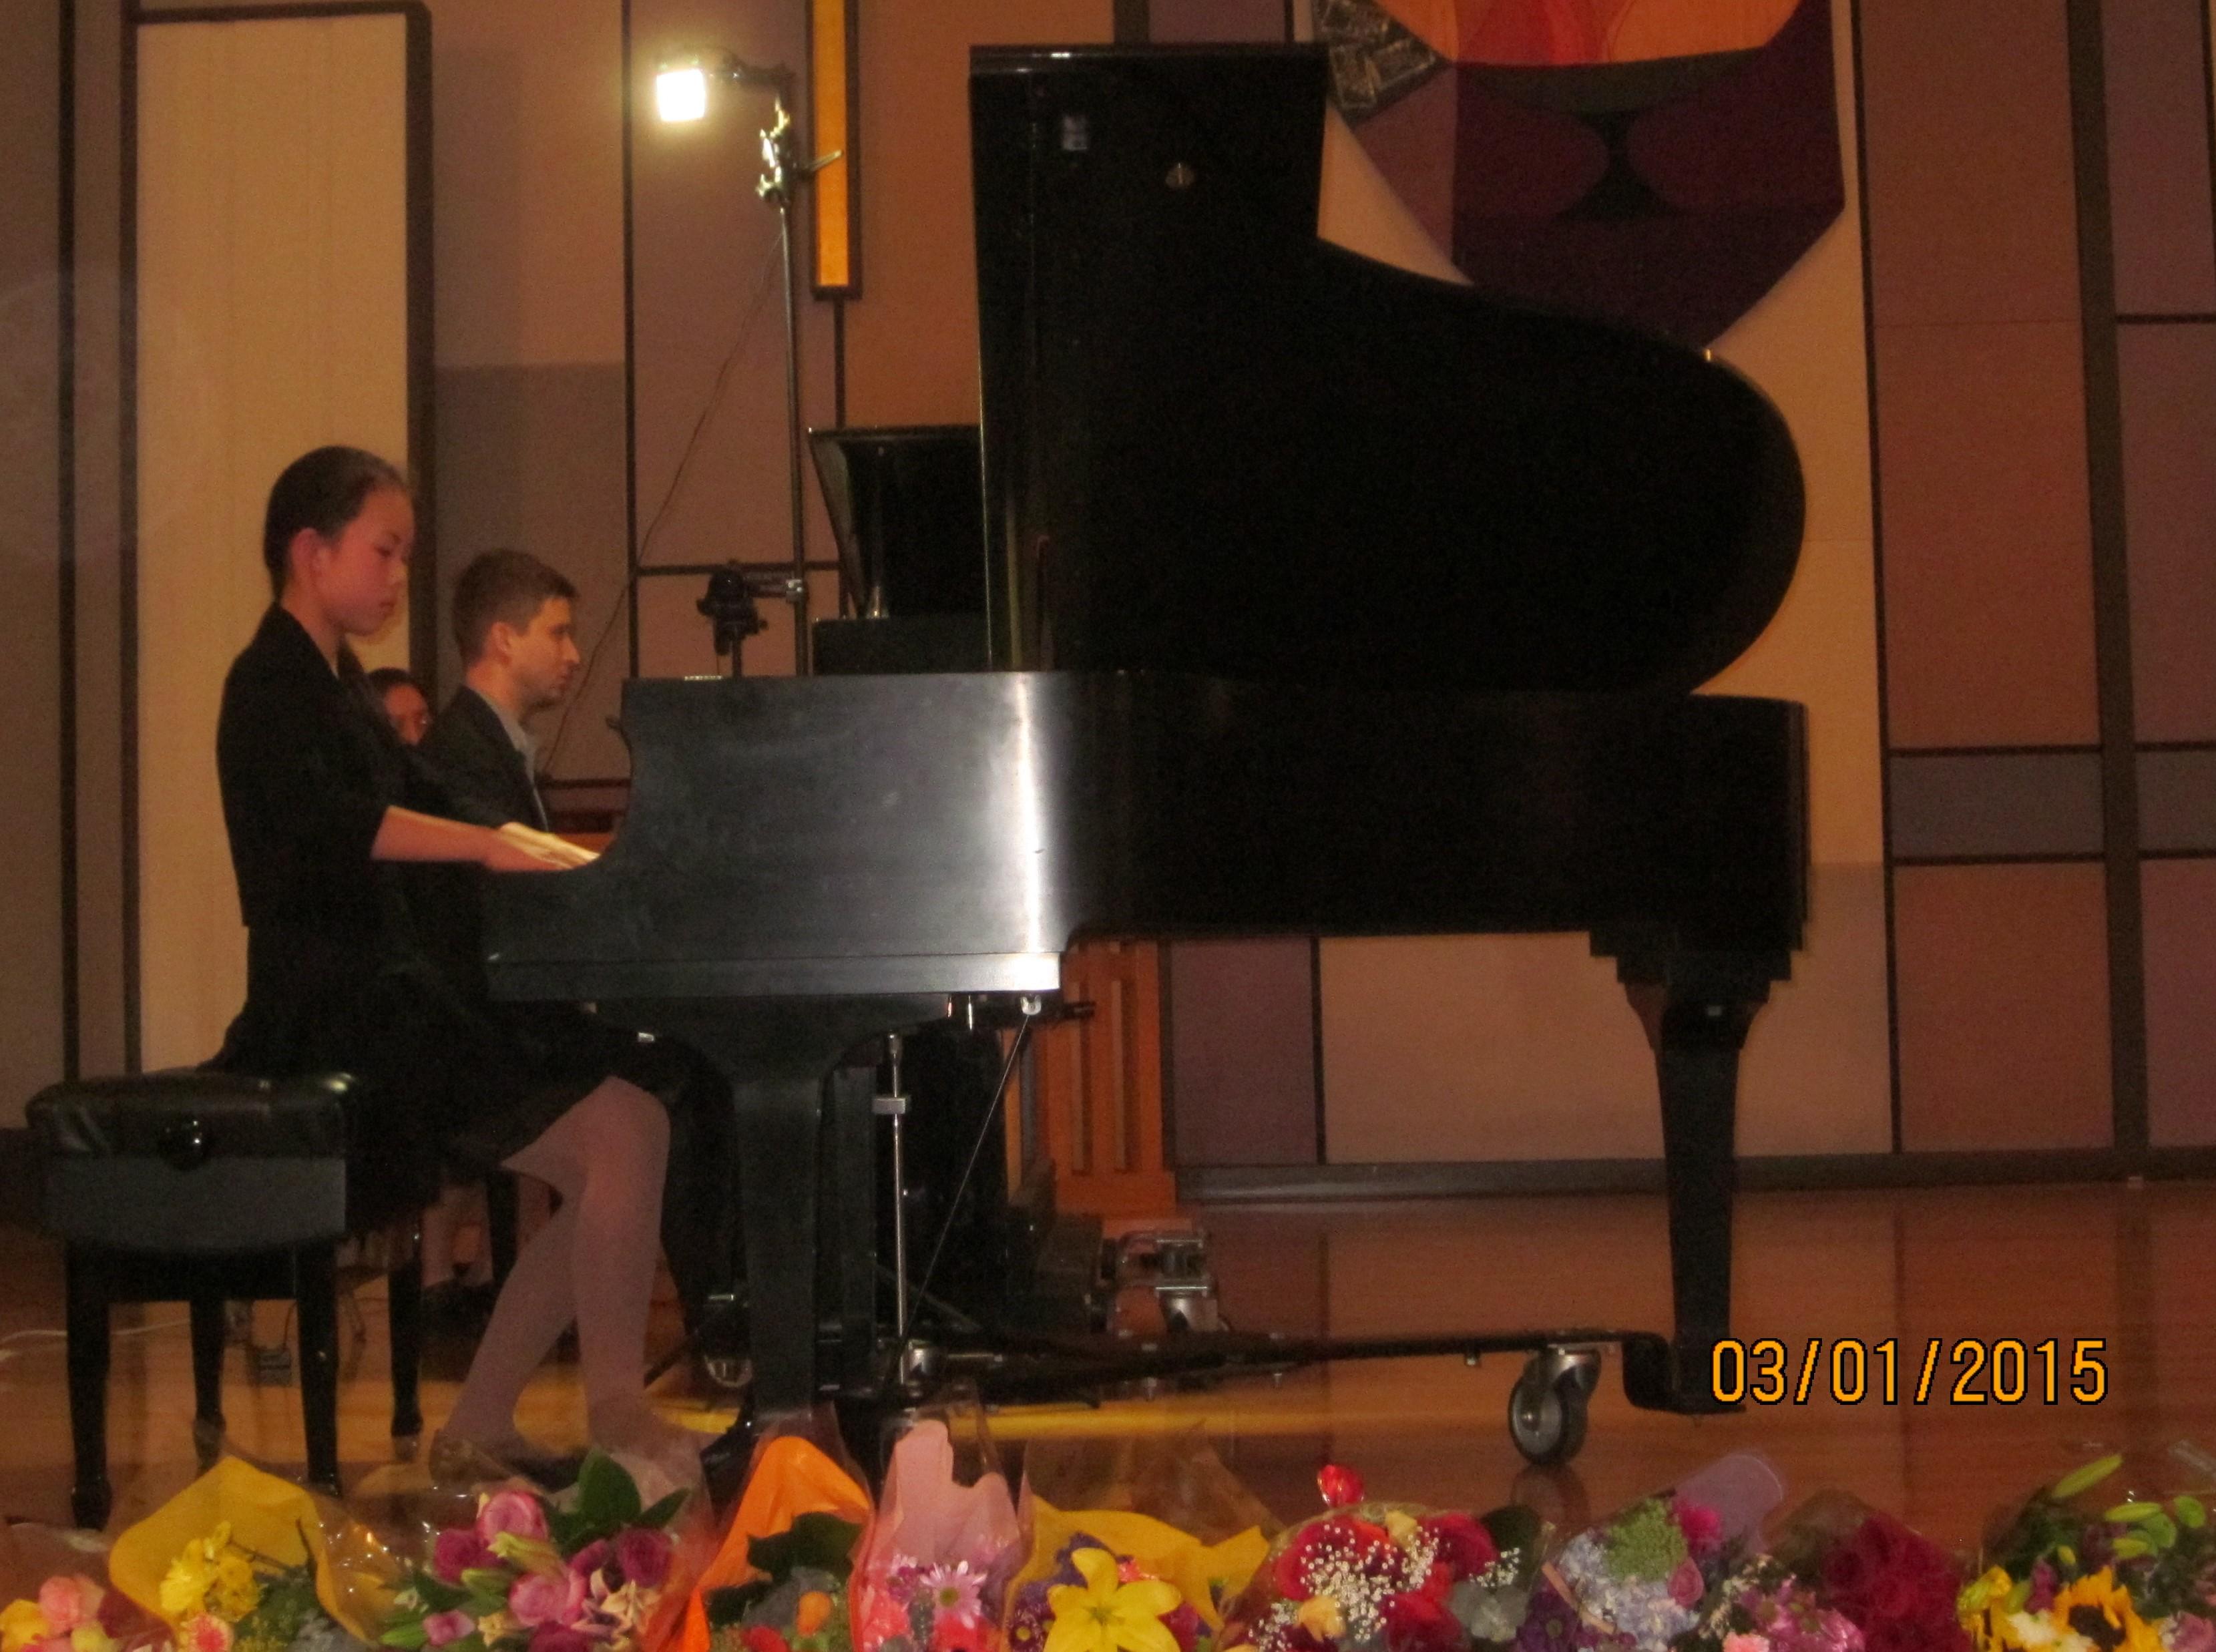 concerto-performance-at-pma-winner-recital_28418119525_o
■ ■ ■
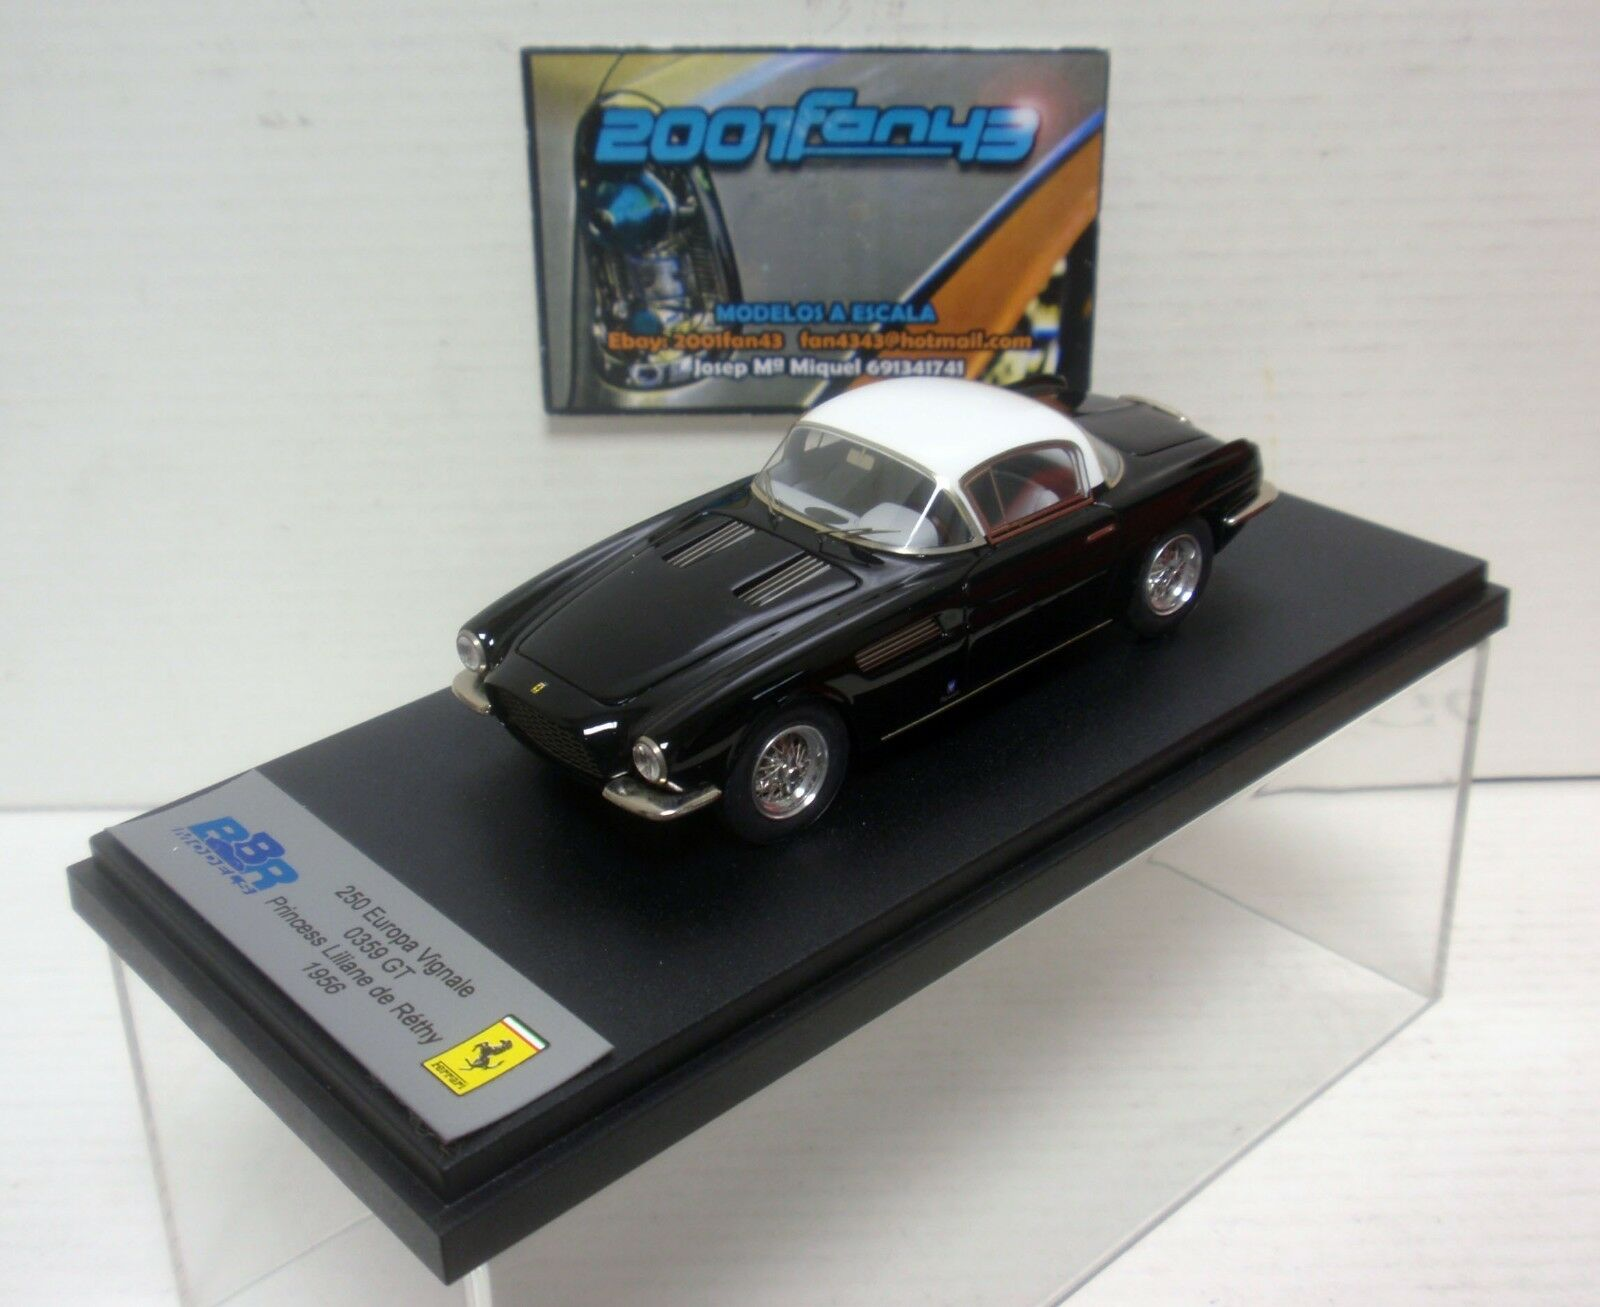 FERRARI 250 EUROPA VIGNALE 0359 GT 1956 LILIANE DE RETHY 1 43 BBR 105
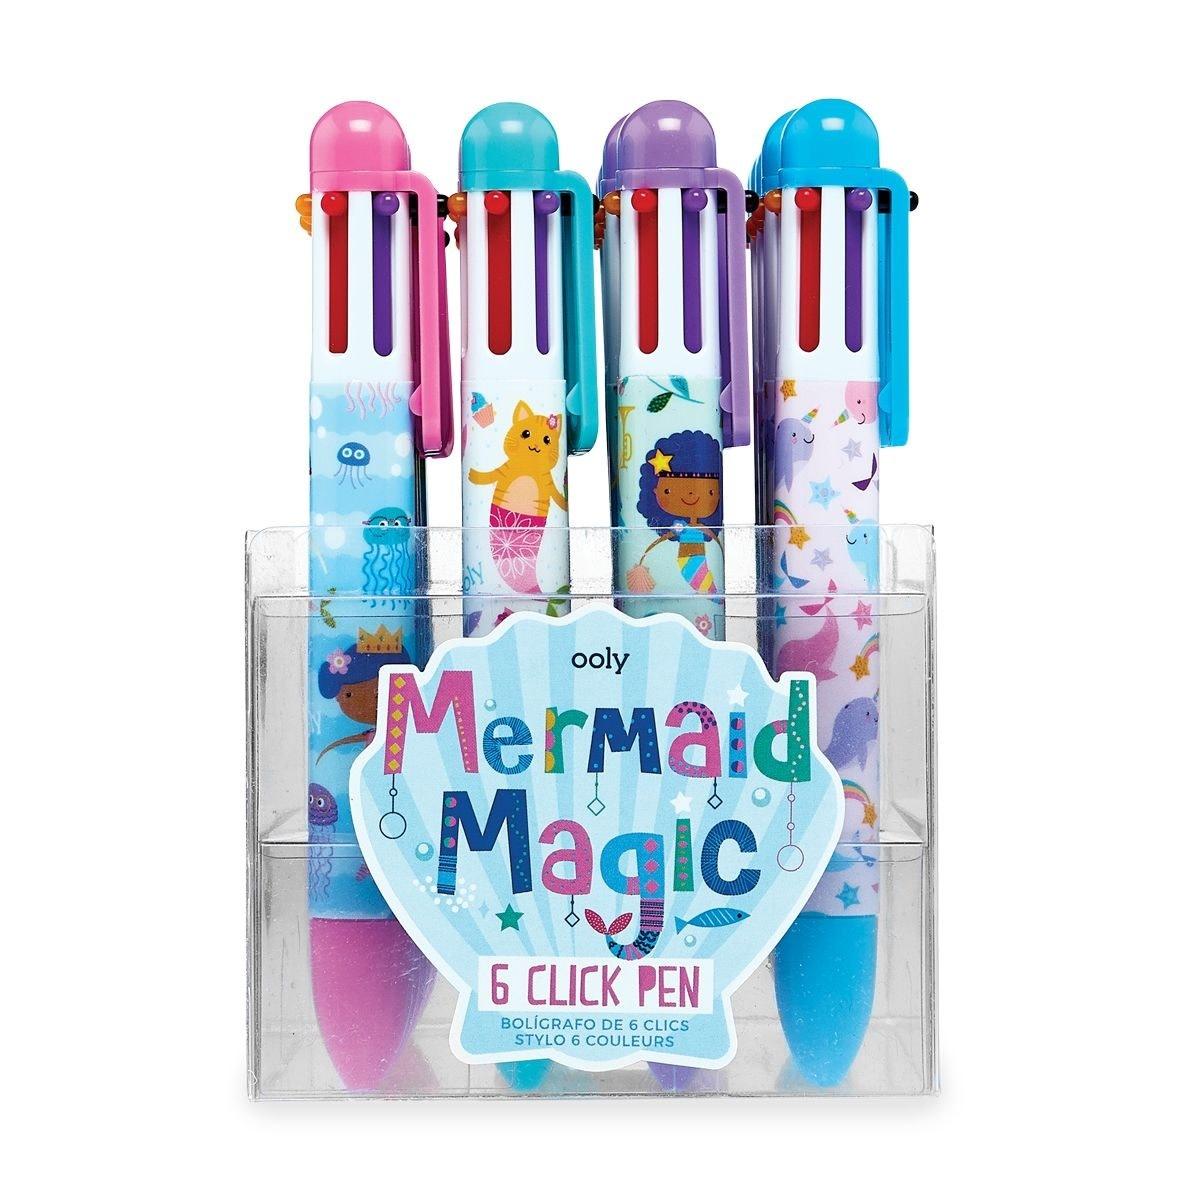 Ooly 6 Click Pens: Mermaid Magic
■ ■ ■
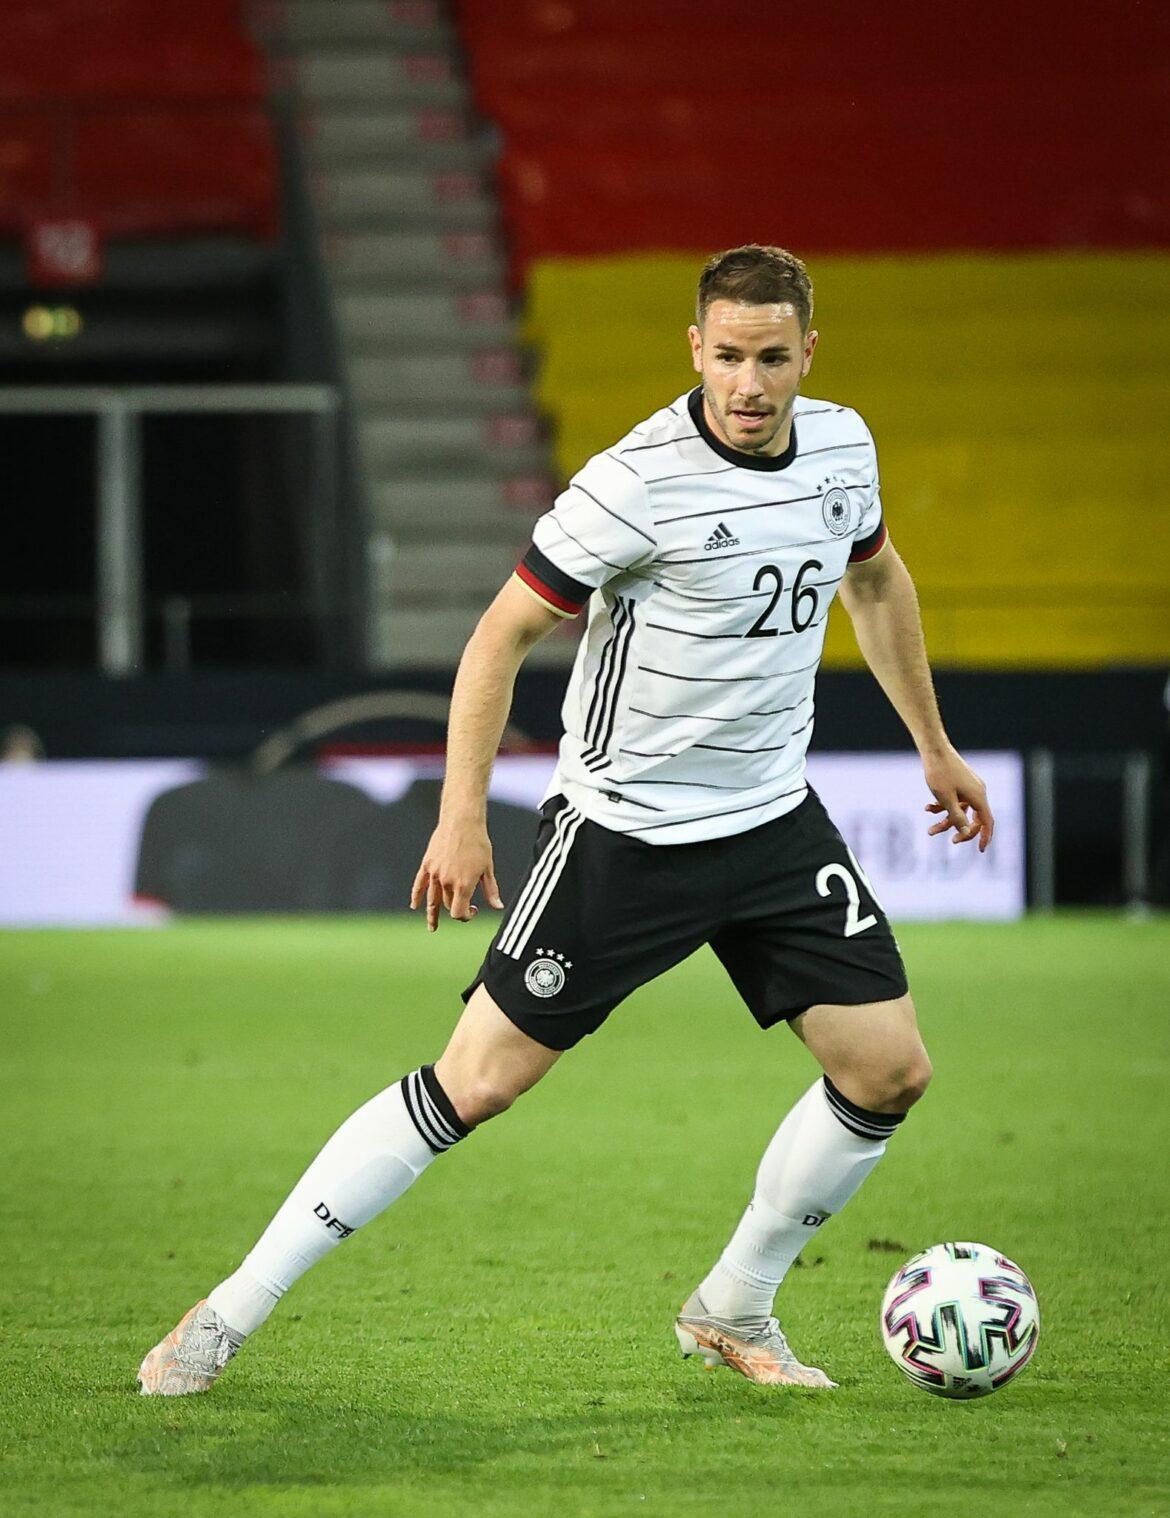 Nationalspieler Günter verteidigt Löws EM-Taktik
■ ■ ■
What to do:
Using the data above, print only the lines starting at the one with "FERRARI 250 EUROPA" and ending at the one with "Ooly 6 Click Pens: Mermaid Magic", exactly as they stand, minus the pictures.

Solution for this task:
 FERRARI 250 EUROPA VIGNALE 0359 GT 1956 LILIANE DE RETHY 1 43 BBR 105
 Ooly 6 Click Pens: Mermaid Magic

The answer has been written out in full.